June 26, 2013
A Weaker Currency is Good News for Brazilian Farmers
The Brazilian currency has been losing ground compared to the U.S. dollar in recent weeks depreciating 12% since mid-May. The Brazilian Real closed on Monday at 2.22 per dollar after being stable for many months at approximately 2 Brazilian Reals per U.S. dollar. The causes for the weakness are many and varied, and since I am not an economist, I will leave the explanation for the weakness to others.
The weaker currency though has big implications for Brazilian farmers. Since commodities are priced in dollars but paid in the local currency, the weaker the Brazilian currency becomes, the more money a farmer puts in his pocket for each sack of soybeans he sells. As a result, Brazilian farmers have increased their selling of both old crop and new crop soybeans and corn to take advantage of this favorable exchange rate.
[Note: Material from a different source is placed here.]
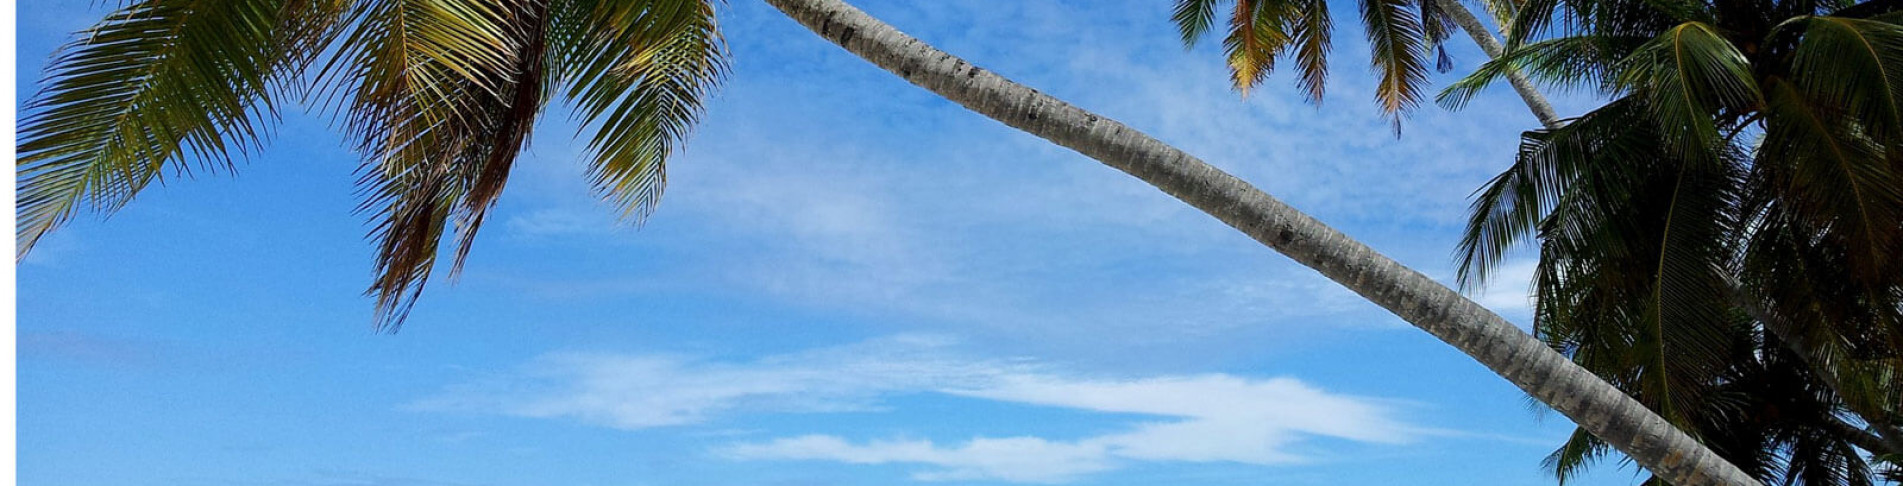 blauen Himmel bei einer Last Minute Kuba Reise genießen

If the currency would continue to weaken, it could compensate, at least in part, for potentially lower commodity prices resulting from good growing conditions in the U.S.
Conversely, a weaker Brazilian currency means that imported items such as fertilizers or agricultural chemicals would become more expensive in Brazil. Brazil imports approximately 70% of the fertilizers needed to produce its crops. In central Mato Grosso, inputs priced in dollars may account for as much as 50% of the total cost of production, so a weakened Brazilian Real means their cost are going to increase. Economists are advising farmers to purchase as quickly as possible any inputs that are imported, because the Brazilian currency will probably continue to get weaker.
When there are currency fluctuations, Brazilian farmers and American farmers do not receive the same price for their underlying commodity. In the big picture, when Brazilian farmers make their planting decisions, they must not only consider their cost of production and the international prices for commodities, they must also take into consideration the currency exchange rates, which in some years can be just as important as the actual price of the commodity.
Even though soybean prices at the CBOT have declined during the month of June, for Brazilian farmers who are forward contracting their 2013/14 production, prices have actually risen 2% during the month of June thanks to the currency devaluation. If a farmer in Sorriso in central Mato Grosso forward contracted his soybeans on June 3rd for delivery in March of 2014, he received R$ 43.57 per sack of 60 kilograms. If the same farmer forward contracted the same sack of soybeans last Friday (June 21) for March delivery, he received R$ 44.47, or 2% more than two weeks earlier even though the CBOT price for soybeans declined about 0.50 cents during the same period. So, during the period in which soybean prices declined 4%, Brazilian farmers actually could sell their soybeans for 2% more. That is a good illustration why Brazilian farmers pay close attention the currency exchange rates.
A weaker currency leads to increased exports and generally greater returns for Brazilian farmers, so if the currency continues to weaken, Brazilian farmers may expand their 2013/14 soybean and corn acreage more than what the actual prices for the two commodities would indicate.